In recession phase, government is always pressurized to large extent as it comes like an
unwanted bad news for them. It results into lower tax revenues because of lower income tax
and lower corporation tax revenues. Government is expected to spend higher for
unemployment benefits and so it lead to higher borrowing to make both ends meet. Recession
becomes a pessimistic phase for the ruling government as it is burdened up with extra weight
of borrowing.
Recession makes a resounding impact on share markets and so it affects share prices to great
extent. It is because recession leads to lower profitability and also lower dividends. It makes
share market look shaky and share-holders often face disappointment. Many a times shares
fall sharp as an anticipation of predictable financial disaster, arising out from the fear of
recession. It is not always that share prices fall as there can be any other reasons for their
decline.
A recession will reduce the appropriate demand and correspondingly will enforce pressure on
the prices and will rage out price-war in the market.
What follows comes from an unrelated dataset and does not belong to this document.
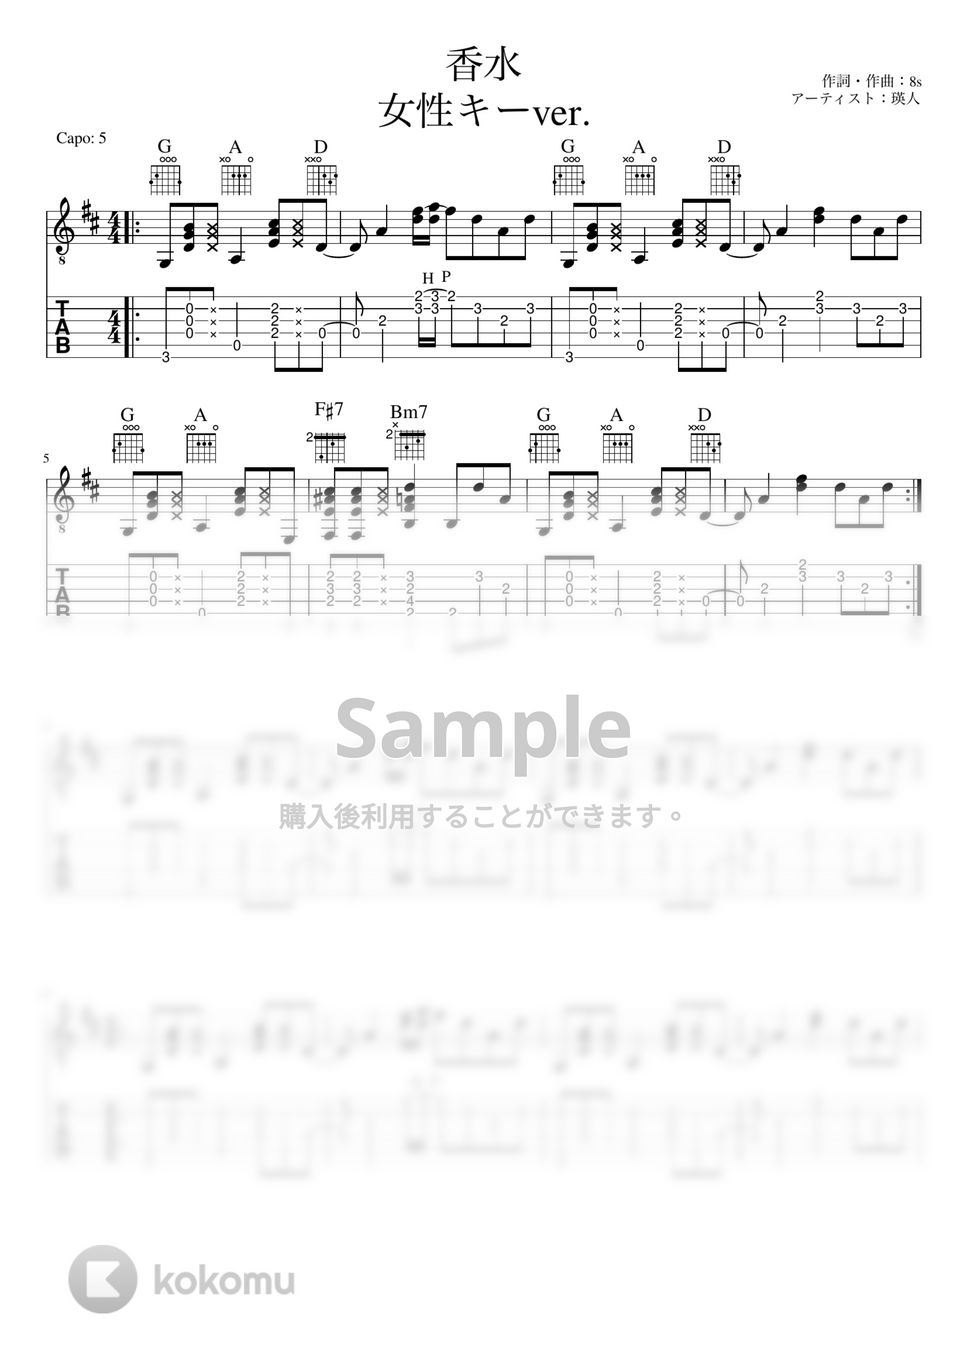 瑛人 - 香水（女性キーver. +4） (リードギター) by J-ROCKチャンネル

To retain consumers, the price-wars may
lead to decline in rates and so it might results into lower inflation rates. Due to lower
spending capacity, the lowered prices may sound impossible for many but the fact is that
recession leads out cut-throat competition and that sometimes affects the quality of the
product.
Due to recession phase, the investor always feels finicky and shaky to invest as the fear of
acquiring substantial profits increases manifold. The investment in the market becomes more
unstable and it affects the economic growth. It leads to lowering of economic growth and
simultaneously other related aspects.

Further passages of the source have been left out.